A Time Consuming Pitfall for 32-Bit Applications on AArch64

Running 32-bit applications on 64-bit AArch64 Linux requires separate GCC toolchains and proper configuration to avoid performance issues, particularly ensuring vDSO support for efficient system calls.

9 comments

By @denotational - 7 months

Missed my favourite one: differences in the memory consistency model.

If you’re using stdatomic and the like correctly, then the library and compiler writers have your back, but if you aren’t (e.g. using relaxed ordering when acquire/release is required), or if you’re rolling your own synchronisation primitives (don’t do this unless you know what you’re doing!), then you’re going to have a bad day.

By @johnklos - 7 months

One of the larger problems is purely social. Some people unnecessarily resist the idea that code can run on something other than x86 (and perhaps now Arm).

Interestingly, some apologists say that maintaining portability in code is a hinderance that costs time and money, as though the profit of a company or the productivity of a programmer will be dramatically affected if they need to program without making assumptions about the underlying architecture. In reality, writing without those assumptions usually makes code better, with fewer edge cases.

It'd be nice if people wouldn't go out of their way to fight against portability, but some people do :(

By @hanikesn - 7 months

Looks like non 4k page sizes are missing, which tripped out some software running on asahi Linux.

By @magicalhippo - 7 months

One I recall, working on a C++ program that we distributed to Windows, Linux and PowerPC OSX at the time, was how some platforms had memory zero-initialized by the OS memory manager, and some didn't.

Our code didn't mean to take advantage of this, but it sometimes meant buggy code would appear fine on one platform as pointers in structures would be zeroed out, but crash on others where they weren't.

As I recall, it was mostly that and the endianess that caused the most grief.
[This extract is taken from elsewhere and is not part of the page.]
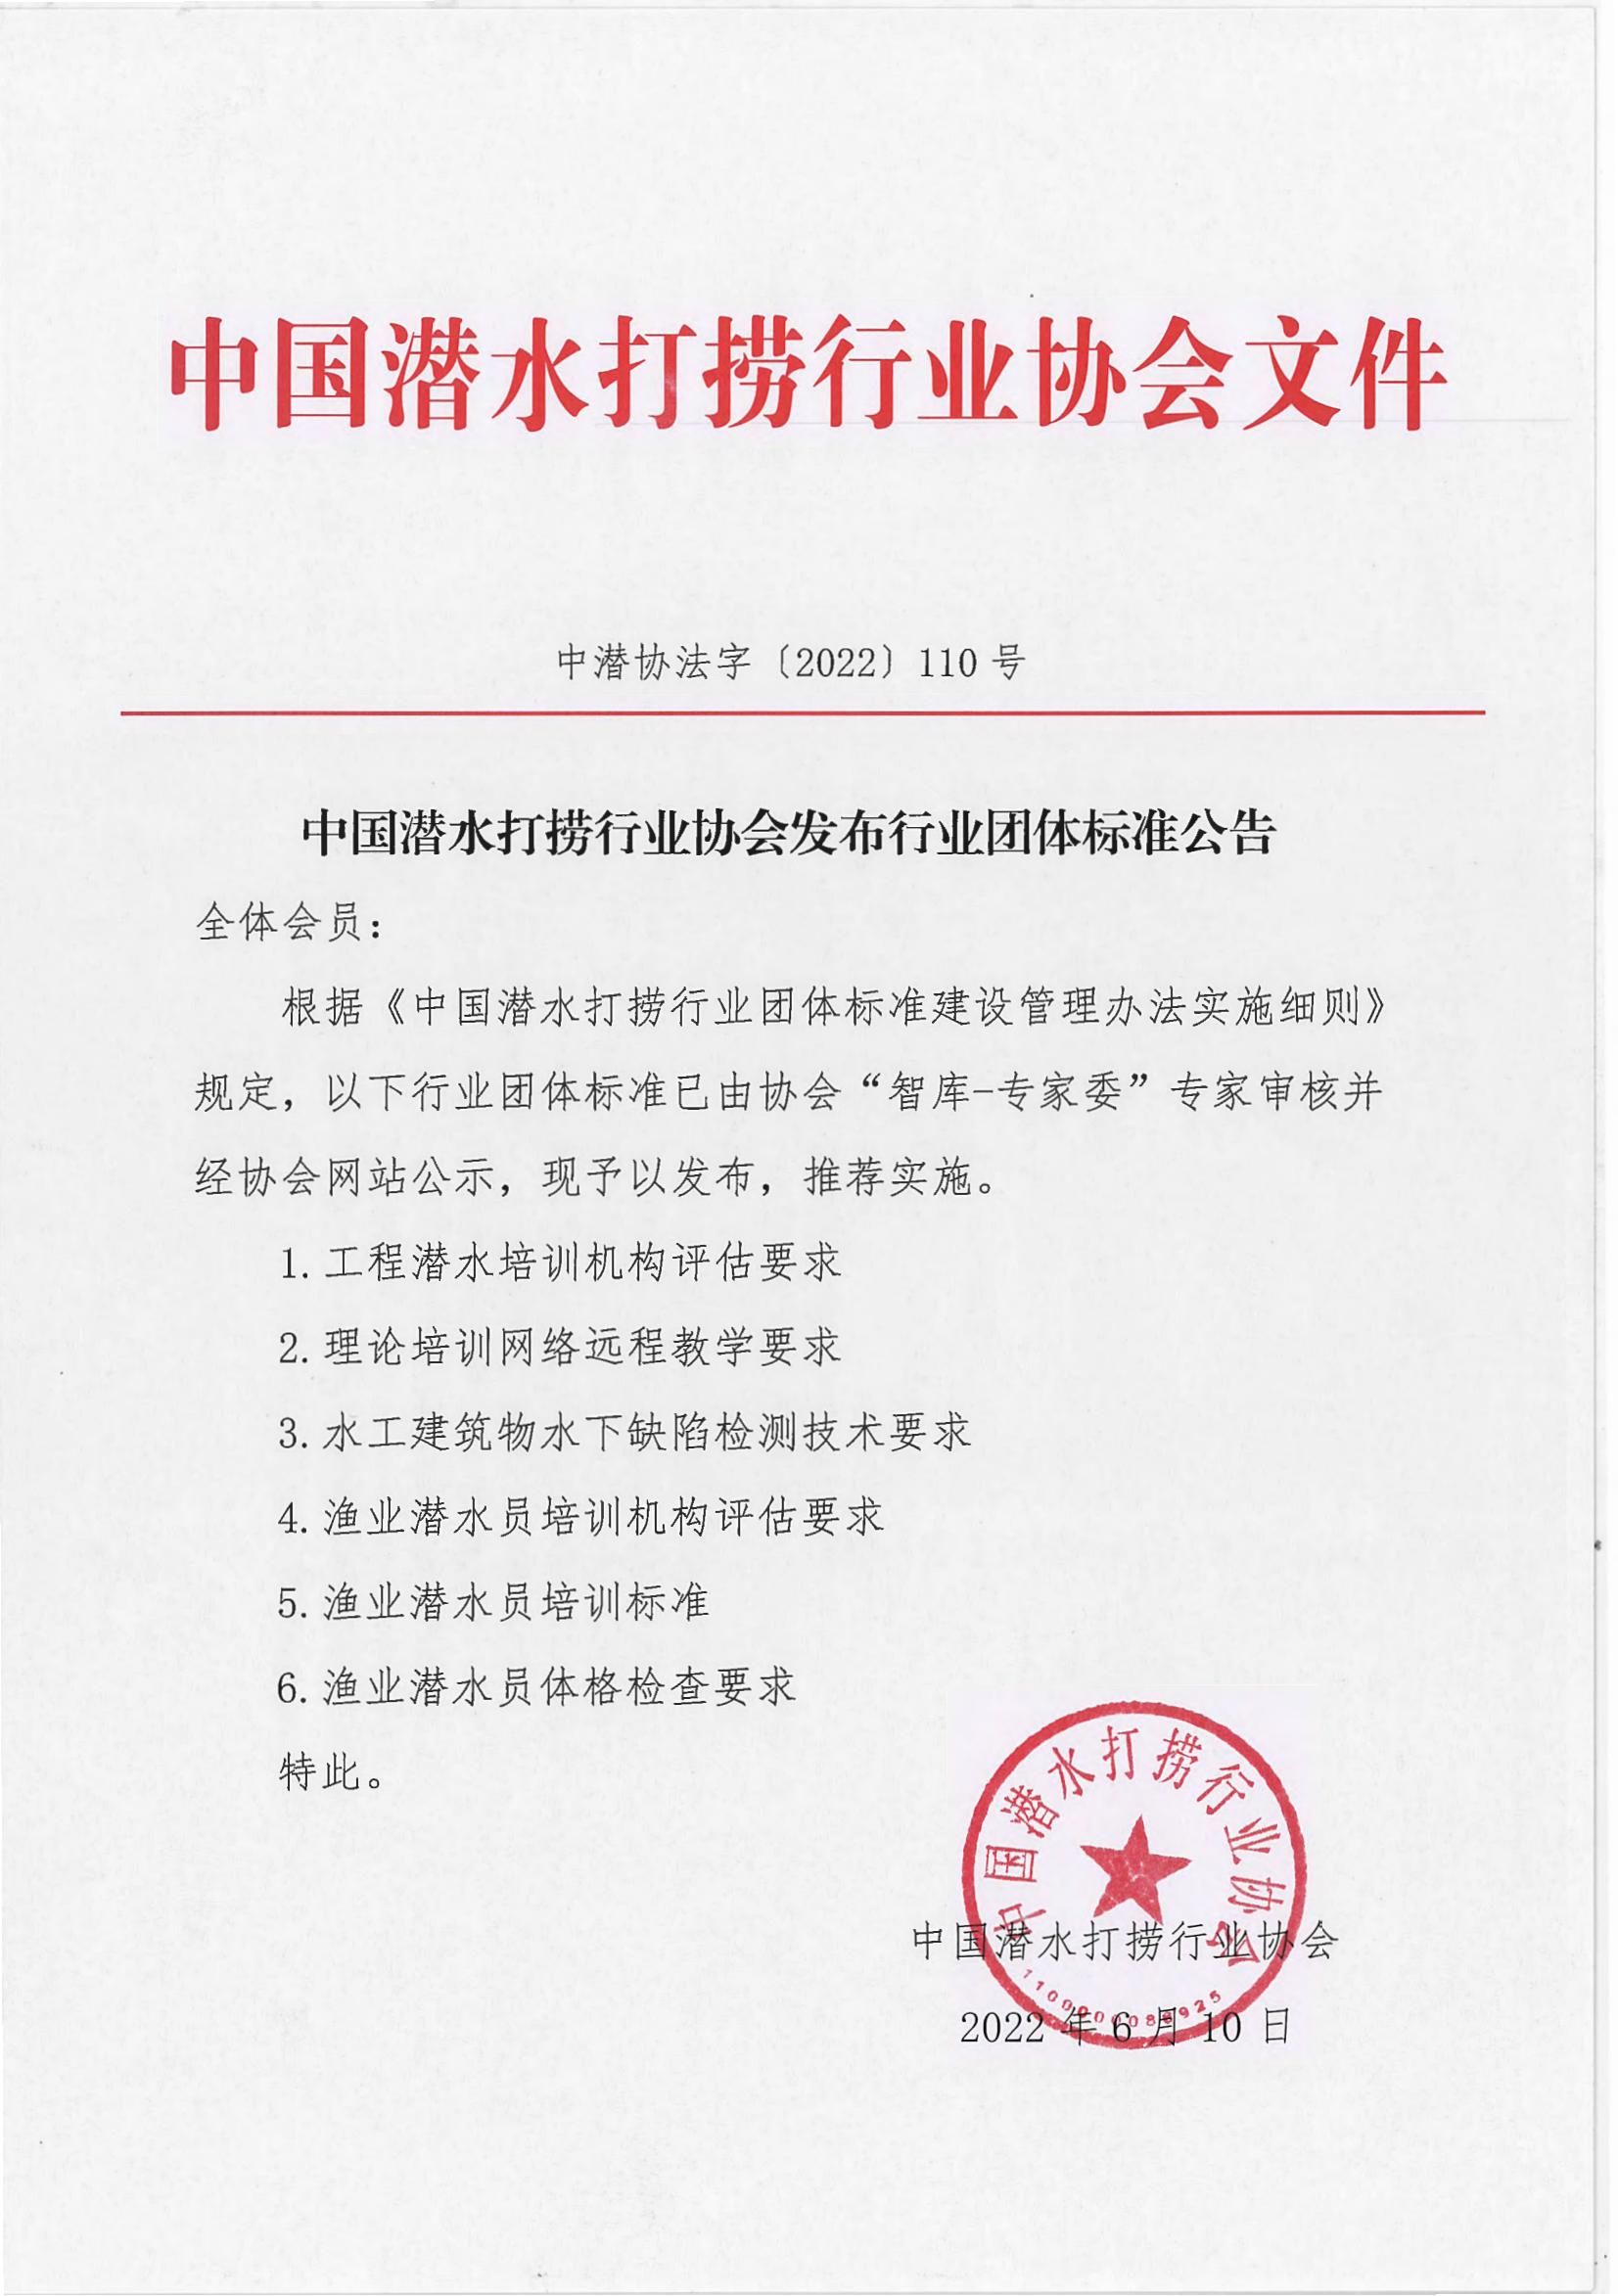 中国潜水打捞行业协会发布团体标准公告_00.jpg

Not that there was many issues at all since we used Qt and Boost...

By @Archit3ch - 7 months

The fun of discovering size_t is defined differently on Apple Silicon.
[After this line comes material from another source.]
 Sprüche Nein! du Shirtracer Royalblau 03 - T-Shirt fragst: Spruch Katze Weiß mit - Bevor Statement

By @AStonesThrow - 7 months

In my misspent college years, I was coding game servers in C. A new iteration came about, and the project lead had coded it on a VAX/BSD system, where I had no access.

Under whatever C implementation on VAX/BSD, a NULL pointer dereference returned "0". Yep, you read that right. There was no segfault, no error condition, just a simple nul-for-null!
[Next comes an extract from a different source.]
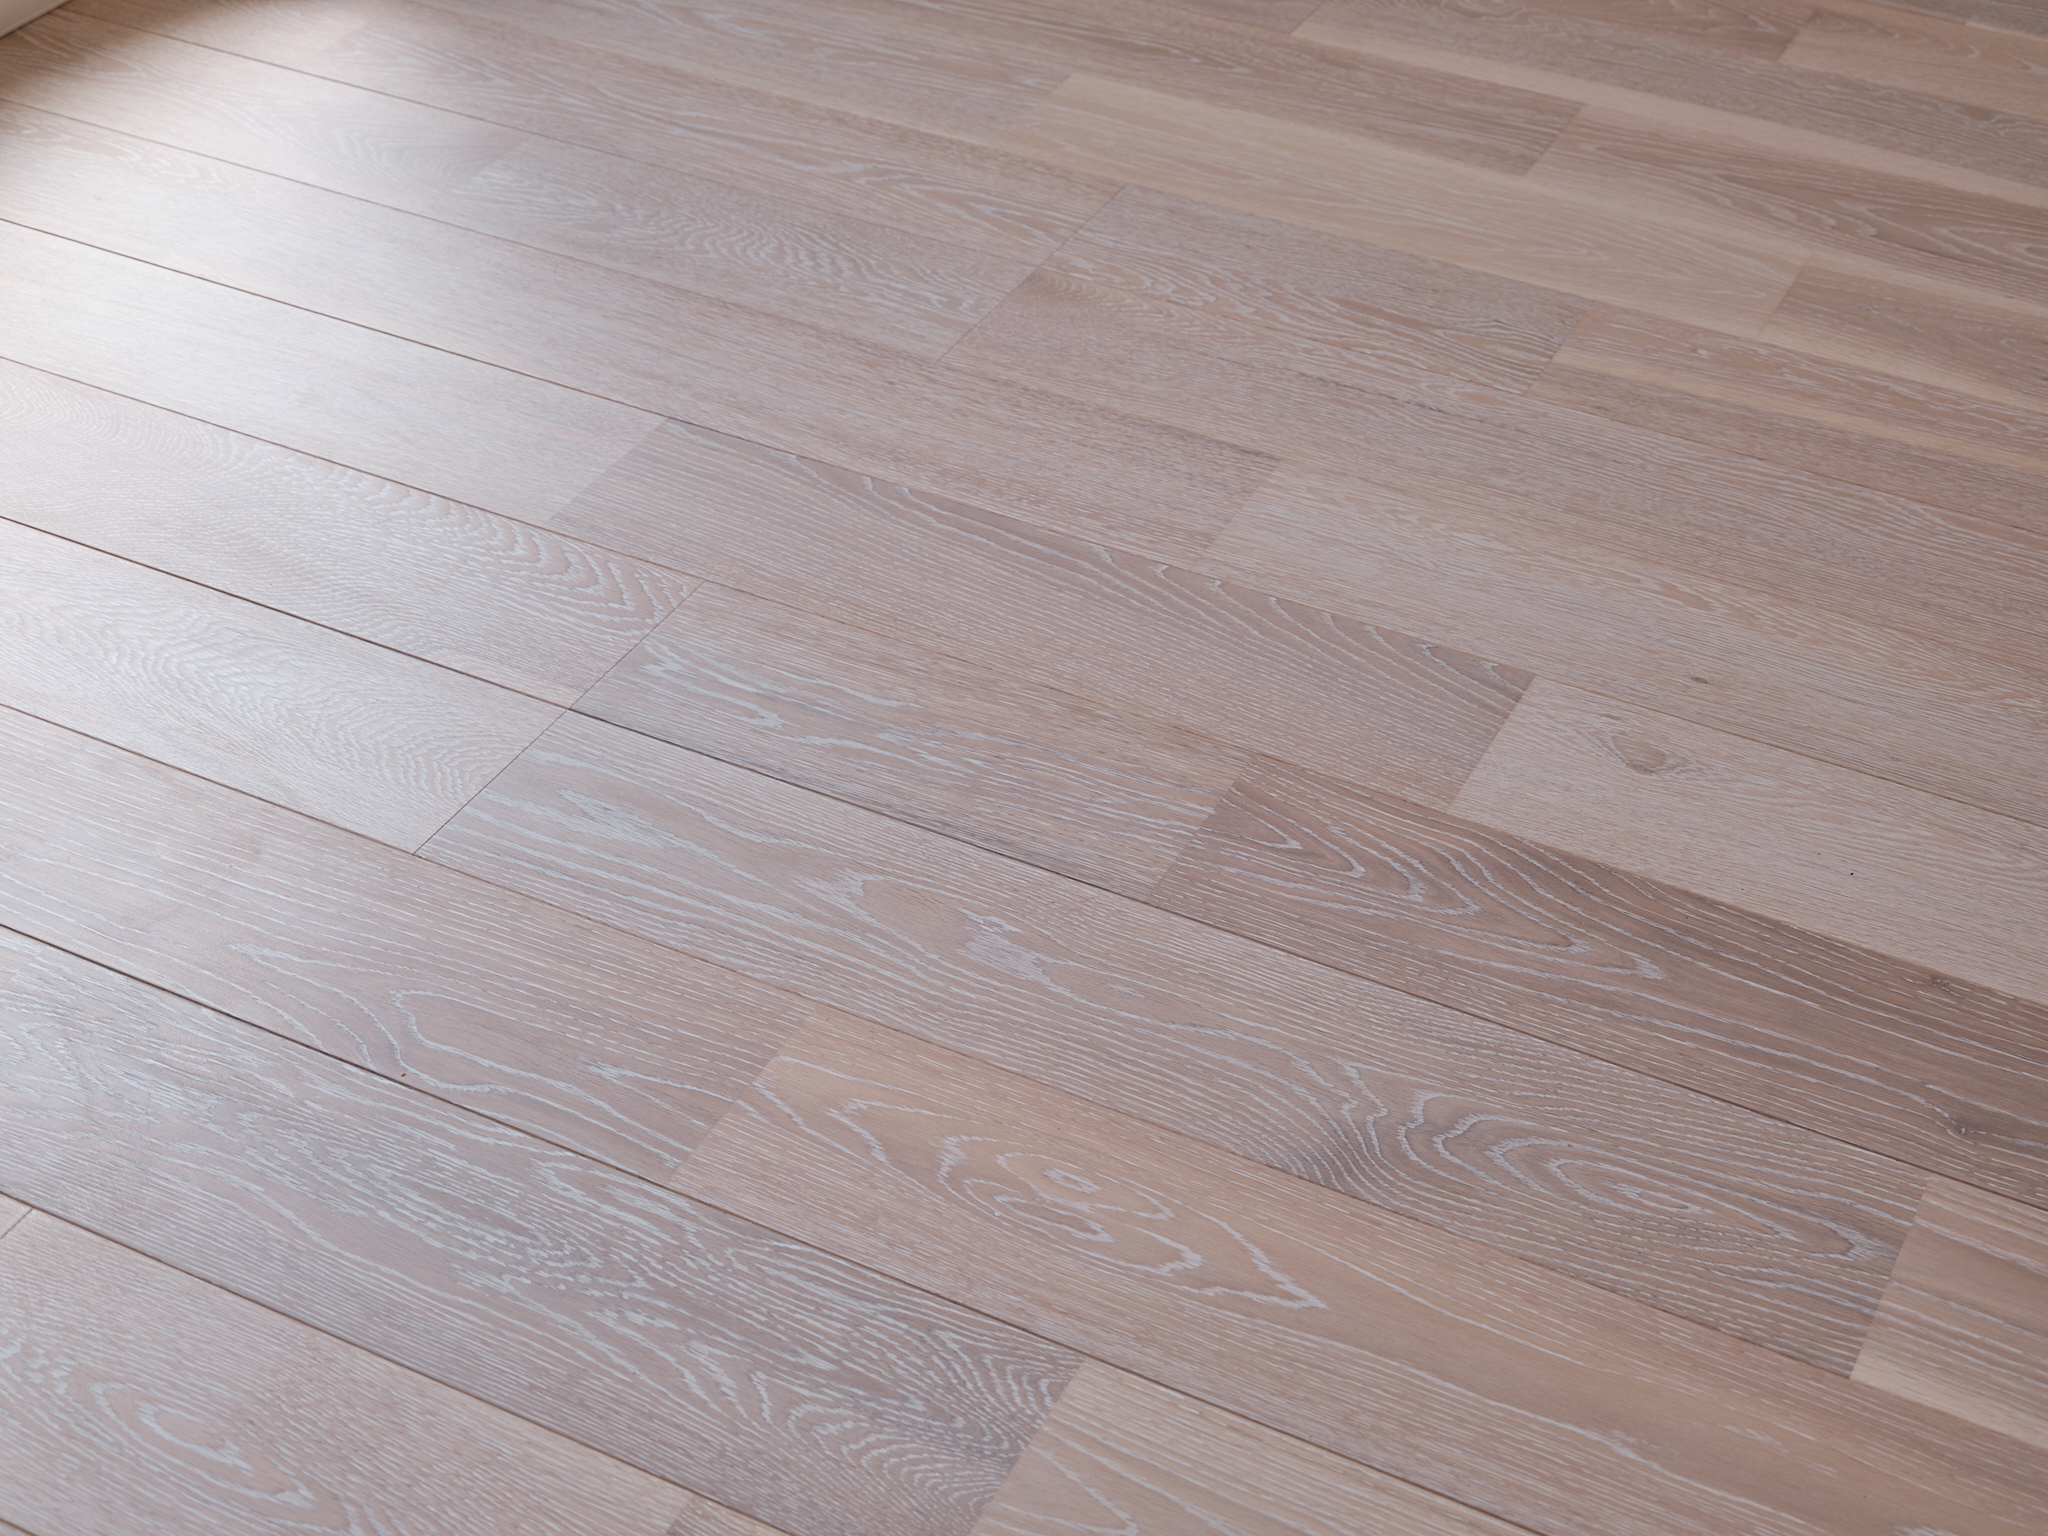 フローリングは朝日ウッドテックのライブナチュラルプレミアムを採用。裸足で歩きたくなる天然木の贅沢な床材。

This was all fine and dandy until he handed it over for me to port to SunOS, Ultrix, NeXT Mach BSD, etc. (Interesting times!)

I honestly didn't find a second implementation or architecture where NULL-dereference was OK. Whatever the standards at the time, we were on the cusp of ANSI-compliance and everyone was adopting gcc. Segmentation faults were "handled" by immediately kicking off 1-255 players, and crashing the server. Not a good user experience!

So my first debugging task, and it went on a long time, was to find every pointer dereference (and it was nul-terminated strings) and wrap them in a conditional "if (ptr != NULL) { ... }"

At the time, I had considered it crazy/lazy to omit those in the first place and code on such an assumption. But C was so cozy with the hardware, and we were just kids. And there was the genesis for the cynical expression "All The World's A VAX!"

By @benchloftbrunch - 7 months

Something not mentioned is that on Windows `long` is always 32 bits (same size as `int`), even on 64-bit architectures.

By @malkia - 7 months

Is it still the case that wasm is still 32-bit?